French Defense Minister Michele Alliot-Marie on Wednesday rejected the accusations against French troops in the 1994 genocide in Rwanda, saying they were "totally scandalous and unjust".
The comments of Alliot-Marie came as Rwanda marked the 10th anniversary of the genocide.
"I am shocked to know that some ones criticized their action," the defense minister said.
"Even if French soldiers were, unfortunately, unable to prevent all the massacres ... they nevertheless made it possible that there was not a total genocide," she said.
French soldiers acted totally in line with the United Nations' mandate and "They truly did all they could to prevent an even more dramatic situation," she said.
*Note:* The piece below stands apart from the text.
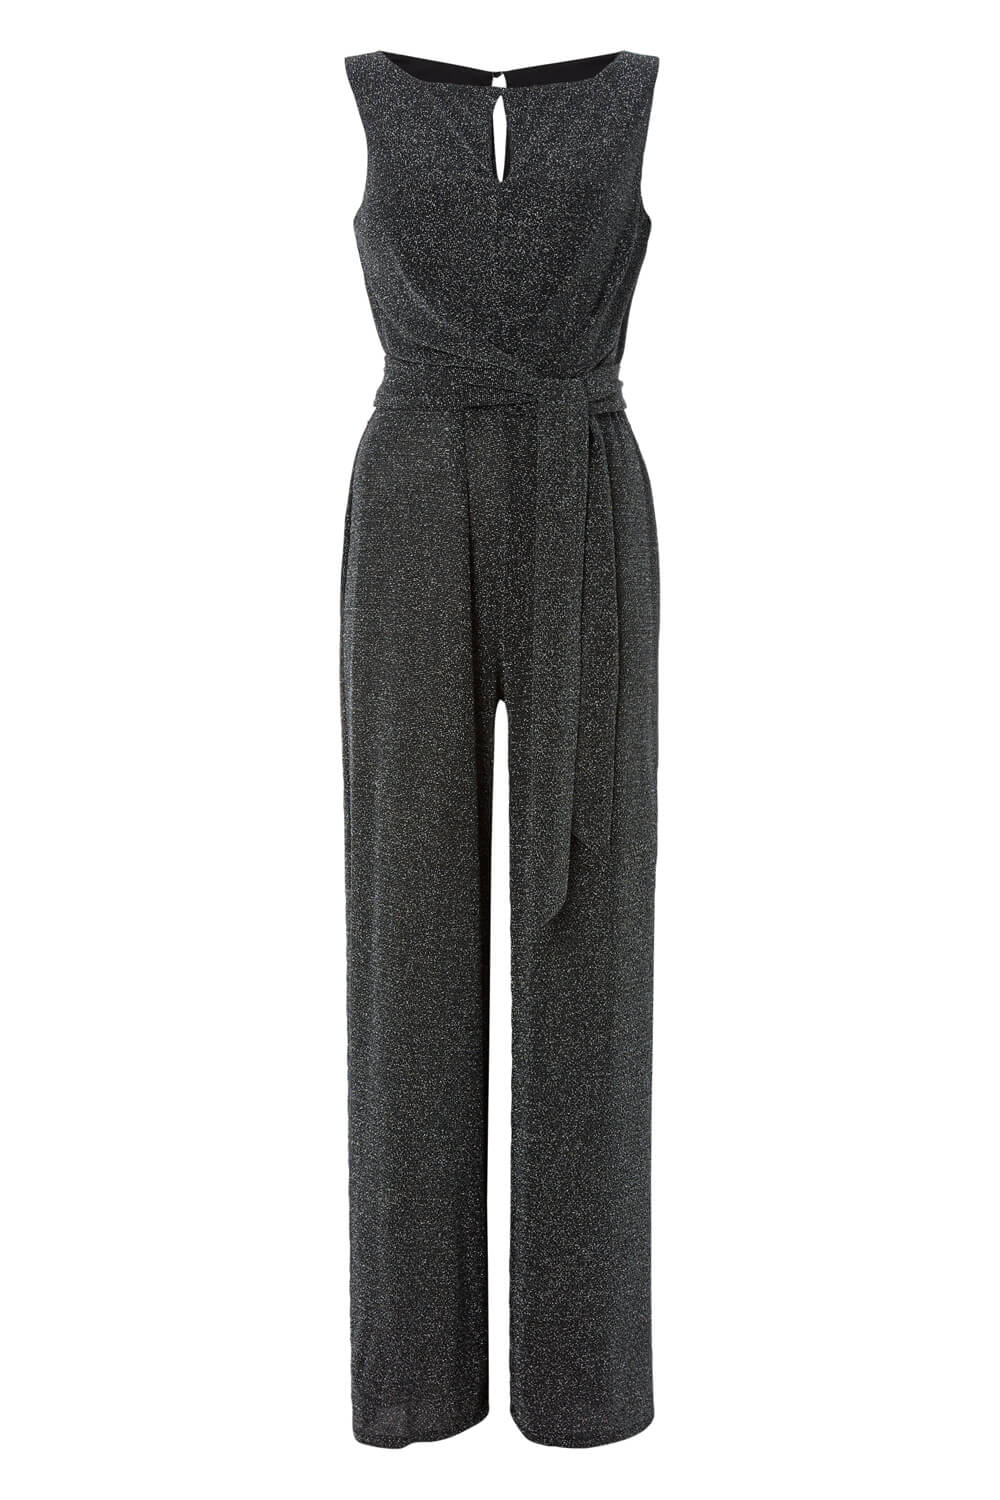 Silver Belted Glitter Jumpsuit, Image 4 of 4
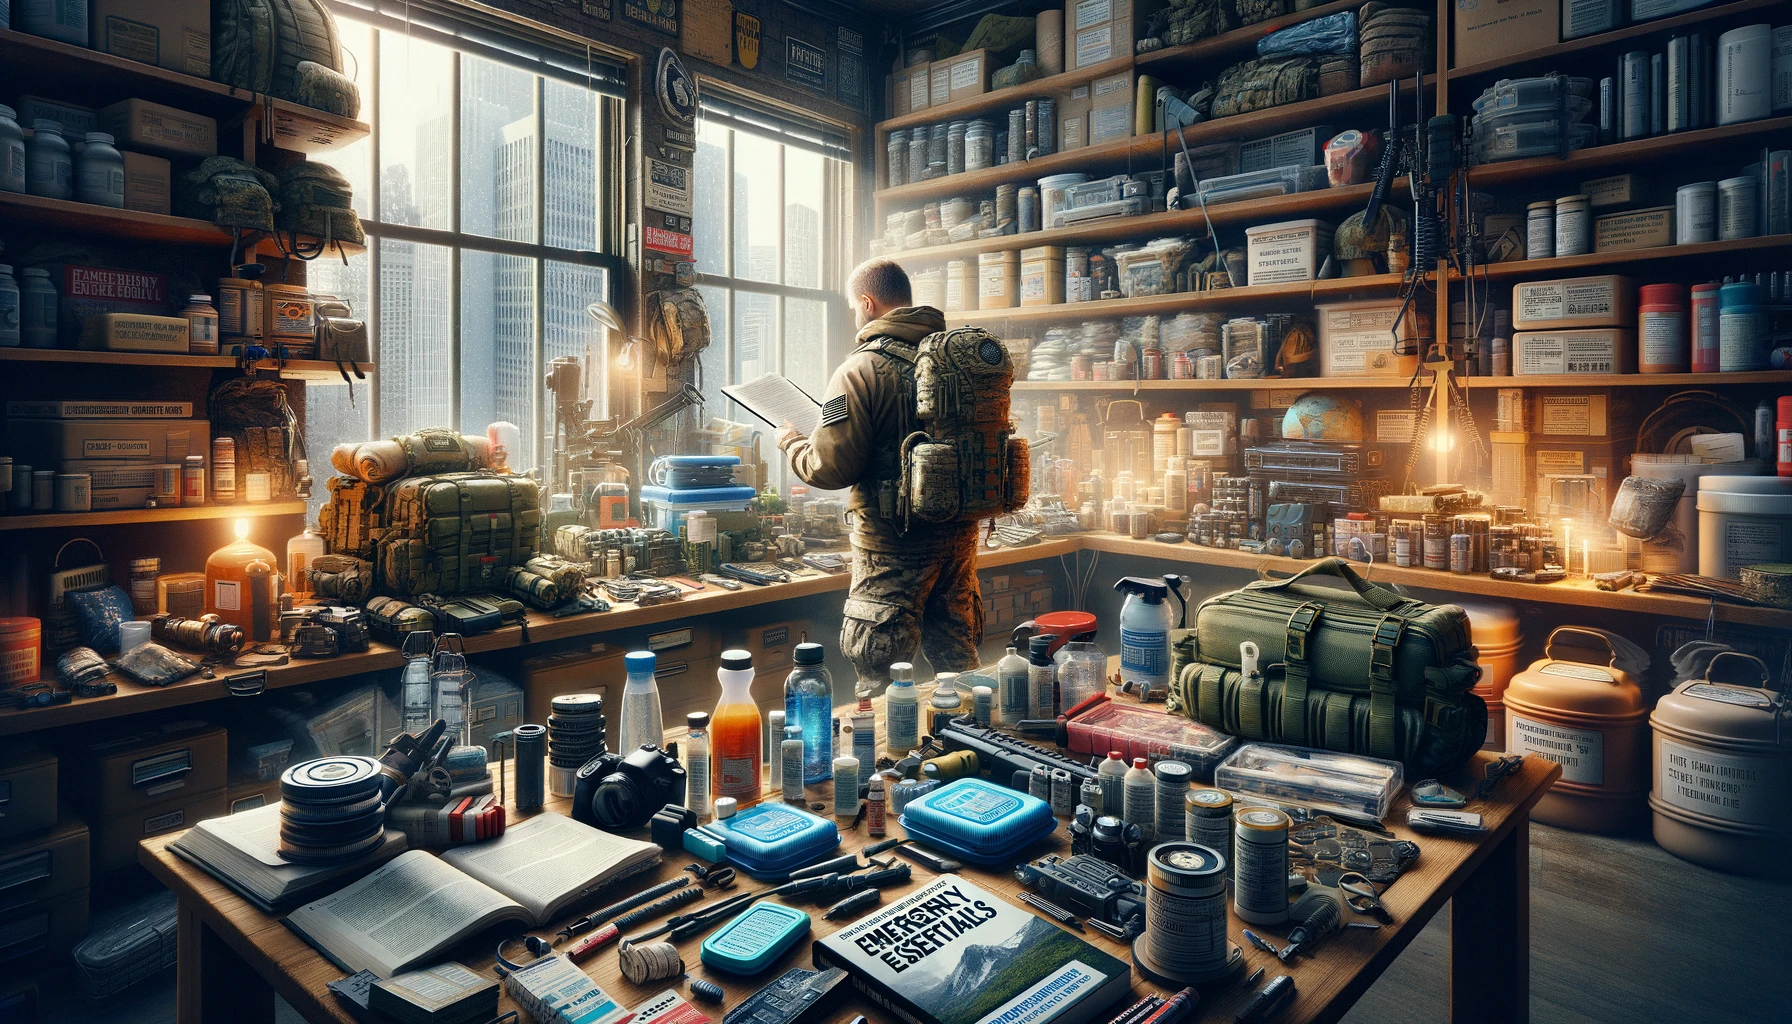 Individual in a prepper's workshop surrounded by emergency essentials and prepping materials, engaging with survival gear and manuals, demonstrating thorough preparation for any scenario, with an urban context in the background

The Rwanda genocide was sparked by the assassination of the ethnic Hutu president, Juvenal Habyarimana, on April 6, 1994, whose plane was shot down as it came in to land at the airport in Rwandan capital Kigali.
During the 100-day frenzy in the tiny Great Lakes nation, some 800,000 Tutsis and moderate Hutus were killed by Hutu militias.
France sent a 2,500-strong military-humane force "Turquoise" to the country at the moment of the ethnic massacre to create a humane zone in southern Rwanda.